Start of SUPPLIED DATA

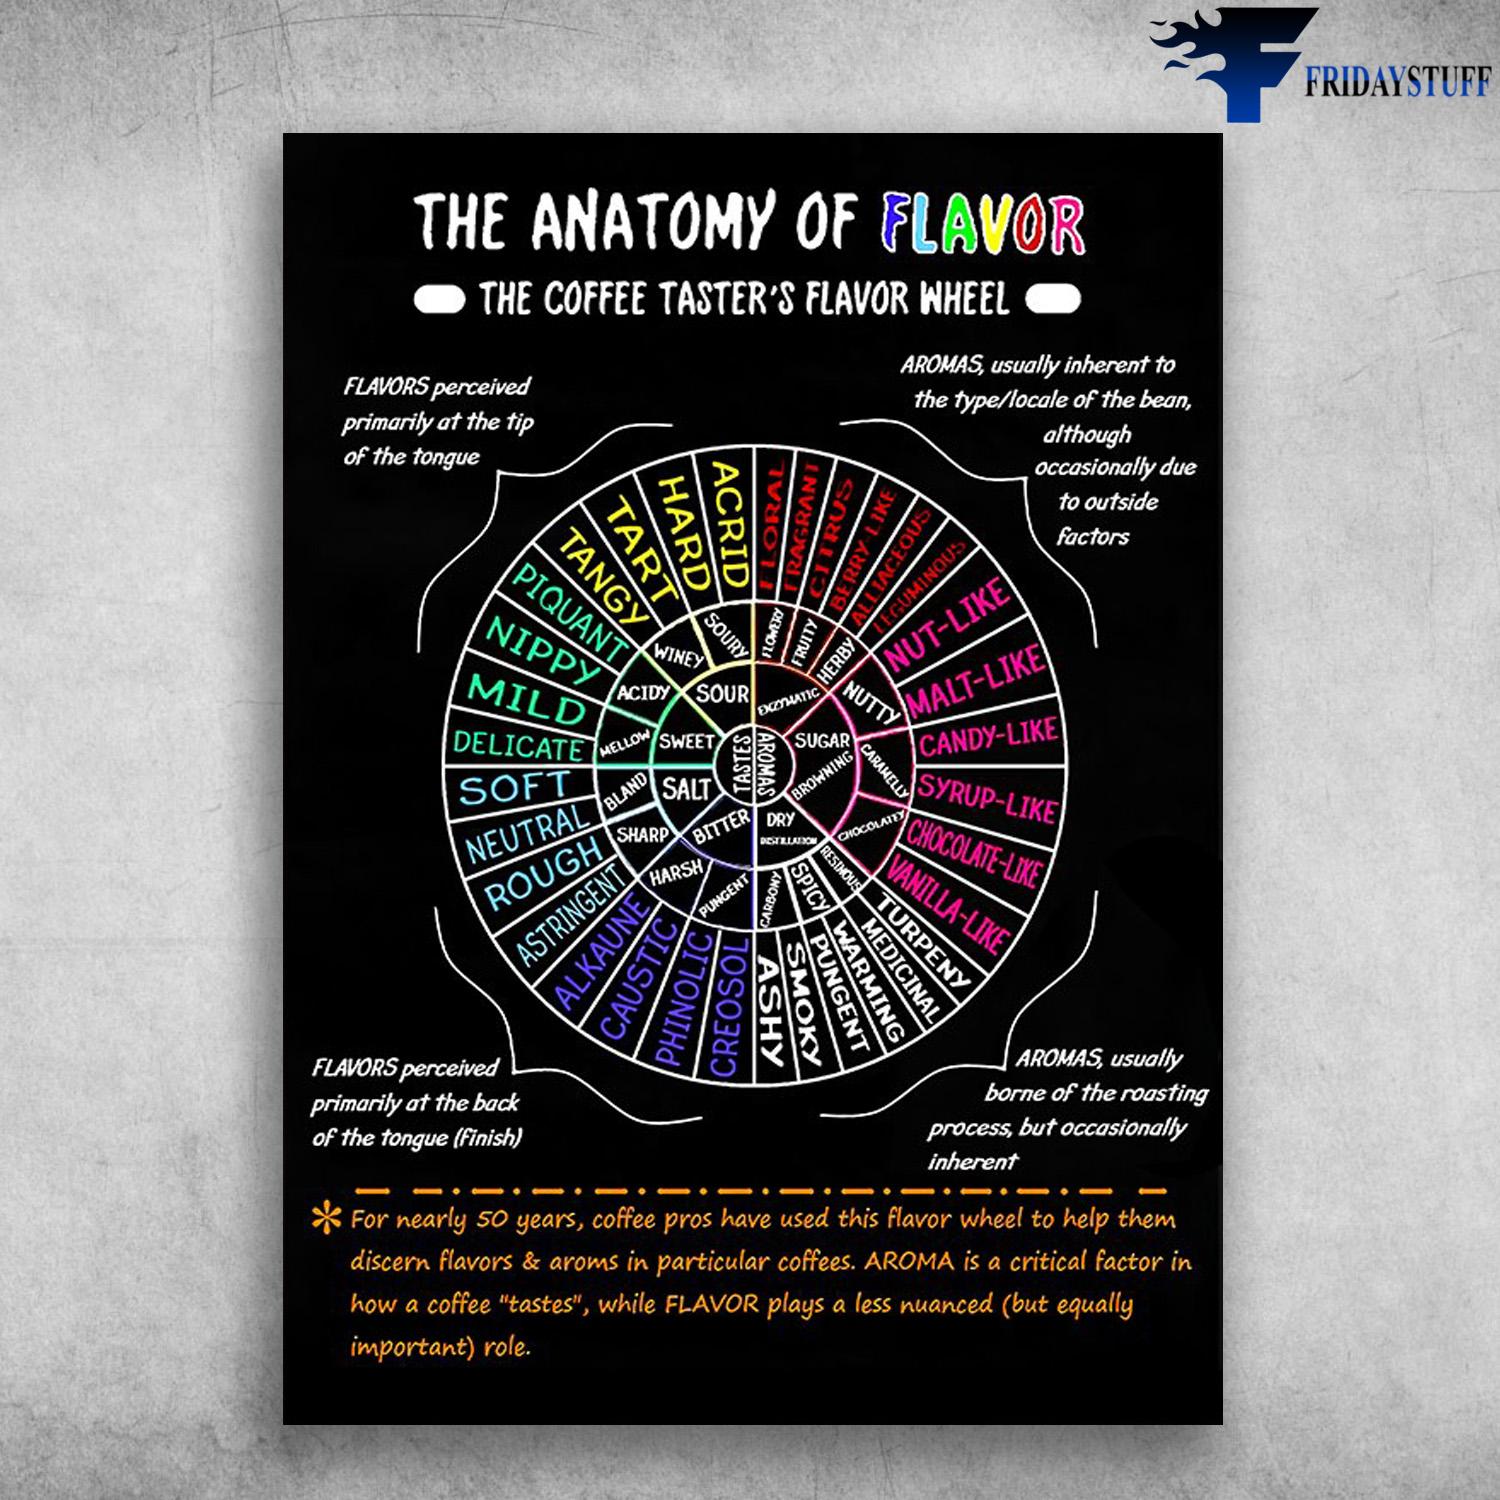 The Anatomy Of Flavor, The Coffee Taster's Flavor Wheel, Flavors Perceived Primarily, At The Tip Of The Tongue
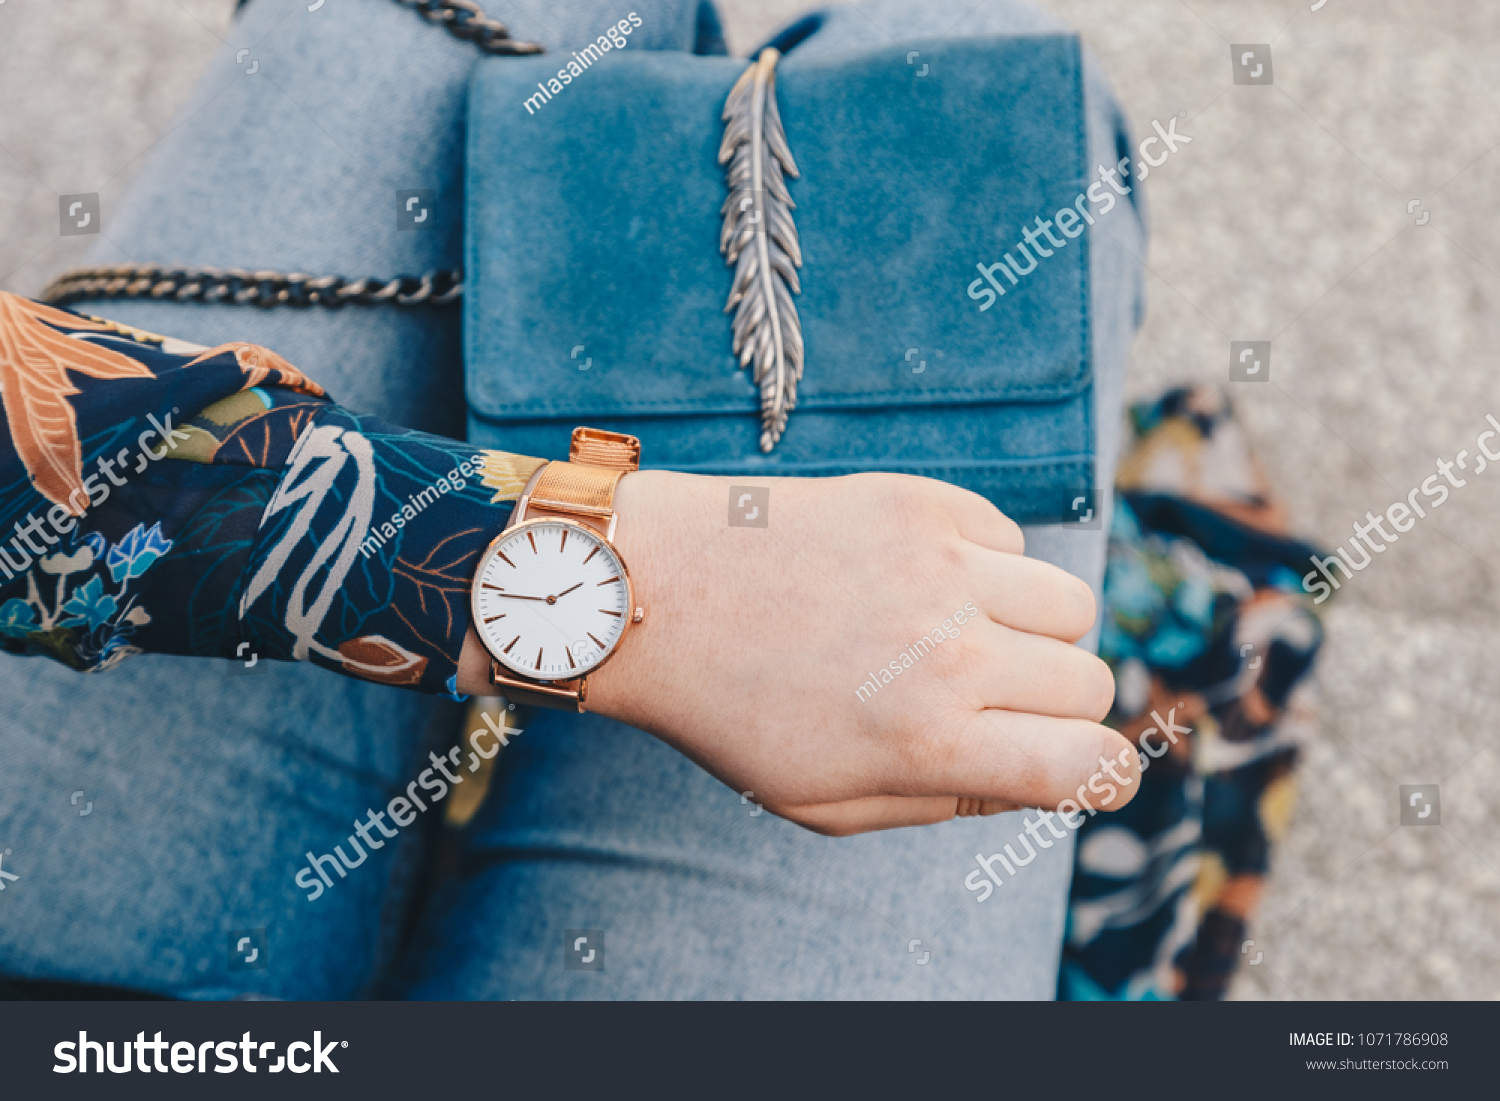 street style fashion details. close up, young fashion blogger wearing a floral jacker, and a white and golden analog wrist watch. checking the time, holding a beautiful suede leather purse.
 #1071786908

End of SUPPLIED DATA

** WORK REQUEST **
Would you transcribe the whole listing above exactly? The pictures should not be included.

** RESPONSE **
 The Anatomy Of Flavor, The Coffee Taster's Flavor Wheel, Flavors Perceived Primarily, At The Tip Of The Tongue
 street style fashion details. close up, young fashion blogger wearing a floral jacker, and a white and golden analog wrist watch. checking the time, holding a beautiful suede leather purse.
 #1071786908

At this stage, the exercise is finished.